Word Fossils -- A Statistical Fantasy

We started getting cable television at our home just a few months ago. I never got much opportunity to watch any of the cable shows in the past, so I’ve watched it pretty intently for a while now. One series that fascinates me is Mythbusters on the Discovery Channel. These people are real scientists! They are amazingly resourceful, appropriately skeptical, knowledgeable and very funny. I particularly liked the show where they tried to read recorded sound off of a ceramic pot. The spectacle of the crew shouting through a phonograph horn into a lump of clay was so much better than anything on the Comedy Channel. The story behind the scene was even more intriguing.

The suggestion had been made that sound recordings would be naturally embedded by a potter applying tools to the surface of the wet clay as it rotates on the potter’s wheel, analogous in principle to an Edison phonograph, I suppose. The tool would vibrate and the vibration would leave a mark. The mark could theoretically be interpreted to reconstruct the original sound. Old pots could be made to give up the words of the dead. Even the audio track of the life of Jesus might be recovered if a potter had been nearby, in Jerusalem perhaps, inadvertently pressing His words into the stoneware.

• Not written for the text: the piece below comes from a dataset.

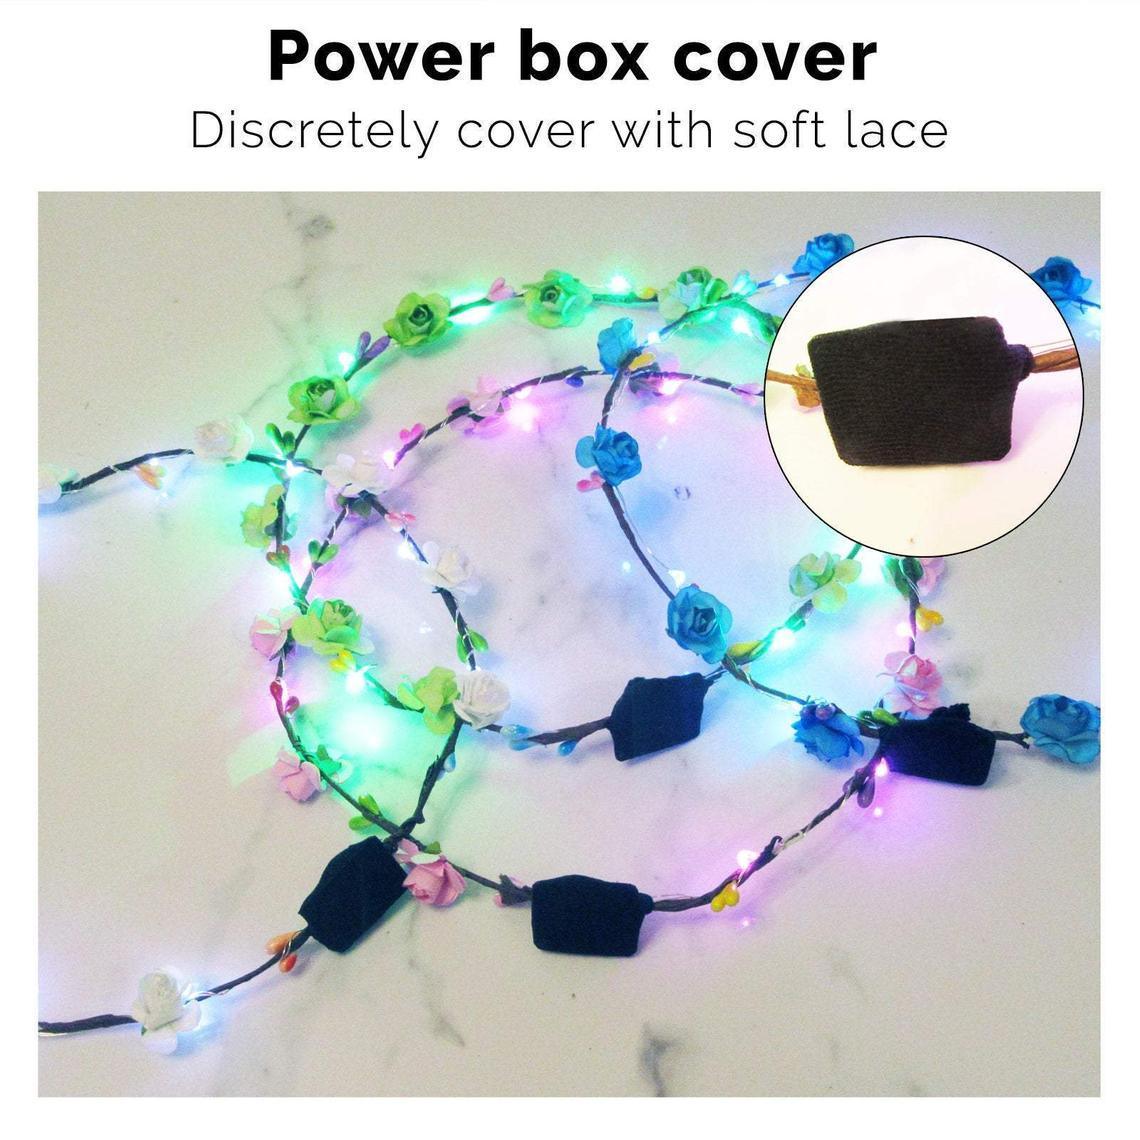 Led Flower Crown 20 Pieces Light Up Led Flower Wreath, Led Flower Headband For Bachelorette Party, Kids Birthday Party, Halloween - Decotree.co Online Shop

Now, by my way of thinking, the physics of the situation is undeniable. Everything in the environment is going to effect that wet clay. We should be able to pick up that sound. Based on the historical analysis of potsherds, pebbles and ash we have reconstructed entire civilizations and chronicled the oft repeated Fall of Troy. The wet clay should record the nature of the tools, the chemistry of glaze, the location, the temperature, the humidity, the firing fuel, the fact that the potter was a big left-handed galoot with a sore tooth and even note the presence of a nearby supernova in a northern constellation. Of course vibrations in the air will effect the clay! So why couldn’t the Mythbusters team retrieve the sound?

Well, maybe they weren’t trying hard enough. But the fact is that, assuming it’s possible, it’s not going to be easy. Edison himself was famous for his persistence, and he only succeeded because he was controlling all the variables. We forget how hard it is to do something for the first time.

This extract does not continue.